Downtime, Earning Money, and Trading

Downtime

Each player receives 40 hours of downtime each week. This downtime is per player rather than per character (so a player cannot create many different characters to gain more effective downtime). Players can use their downtime for crafting items, practicing professions, and retraining. Each day used for these purposes consumes 8 hours of downtime. Downtime that has not been used at the end of each week is lost.

Downtime is granted Monday of each real life week on the Discord server. Due to time zone differences and scheduling limits there is a 24 window from the time downtime hours are awarded to use any remaining downtime from the previous week before it is lost.

Craft and Profession

The campaign uses much revised Craft and Profession mechanics as described on the House Rules>Skills page.

Earning Money

Player characters may earn 1/2 their check result in a Craft or Profession skill each week in gold pieces without expending any downtime hours.

At the player's option they may expend downtime hours to gain a multiplier on the gold they gain from this use of the skills, up to a maximum of 40 hours per week. So a character who rolls a 20 profession check would get 10 gold pieces this week. The player could sacrifice 40 hours of downtime to increase it to 400 gold pieces (10 gp x 40 hours = 400 gp).

Characters may use the same mechanics with other practical skills. For example, a character could use Slight of Hand to perform carnival tricks or pick pockets, while another might use Knowledge skills to act as a sage or teacher at a school, and so on.

Only player characters benefit from expended downtime hours. NPCs (including cohorts, familiars, pets, psicrystals, followers, etc) are still assumed to make only 1/2 their check results each week.

Note: It may seem jarring that player characters can earn seemingly absurd amounts of money practicing normal professions (when the average cost of living is around 10-30 gp per month, earning hundreds of gold per week seems silly). However, this is an abstraction to compensate for the inability to spend time outside of adventuring.

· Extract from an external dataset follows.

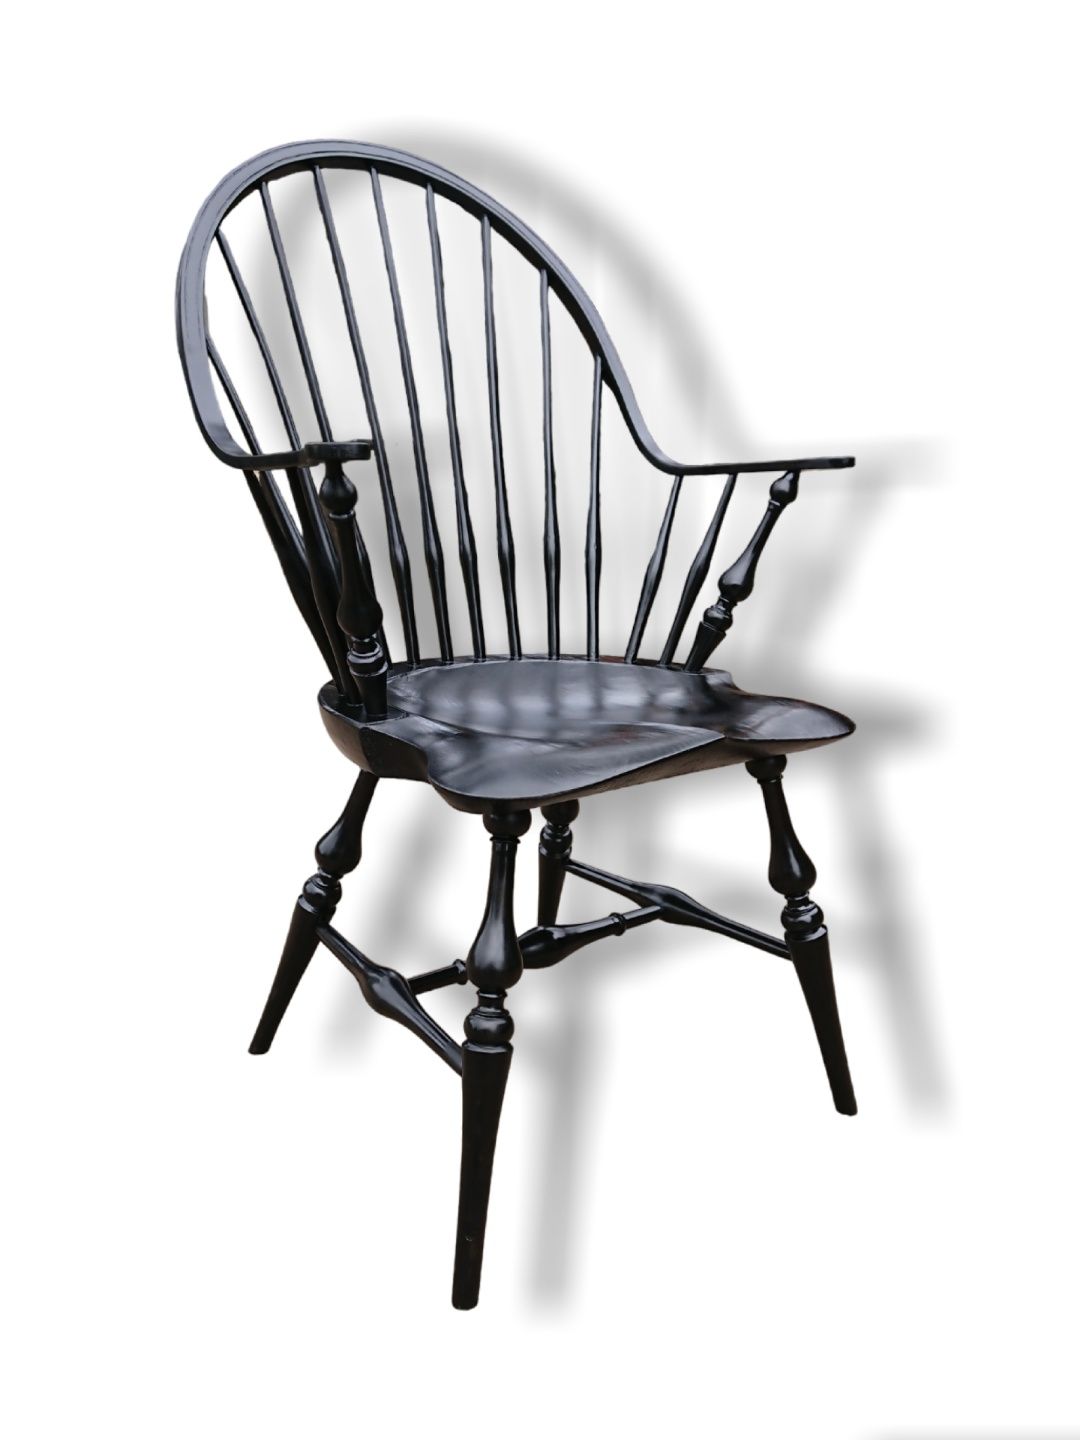 Стілець стул стільчик крісло Windsor. Класичний американський дизайн

In a traditional tabletop game players have the ability to pass time in a campaign for weeks, months, or even years between adventures (particularly in sandbox campaigns) but such is not very practical in a persistent world where many people are playing different adventures at different paces but are still able to regularly interact with one-another. Since that's not an option here players are allowed to spend their crafting time to represent working for weeks and months on end, but this has no tangible effect on the standards of the world (where it's assumed people still make only 1/2 their checks each week).

Trading

Players and their player characters can trade items with one-another as they see fit. Players are not only allowed to trade their items and services between one-another but they are encouraged to do so. Because money is rather limited and the GP limit of settlements in the campaign is 8,000 gp, "end game" items must be looted from adventures or crafted by players to become available. As such, players are encouraged to barter their time, money, and skills to other players for everyone's mutual benefit.

Trading is not limited to item creation. Players may also sell their services when applicable. Characters can act as mercenaries for other characters, or sell spellcasting services to them as well. The standard rate for spellcasting services according to the core rulebook is 10 gp x caster level x spell level, and so that sets the "going rate" of spells. However, spells above 6th level are very rare in the campaign so bartering those is more or less between the players involve as there is no real competition among the NPCs.

Ultimately, you are the master of your own time and skills. No one can force you to make items for you and vice versa. You are free to barter your time and services at any price you deem fit and others are free to do the same.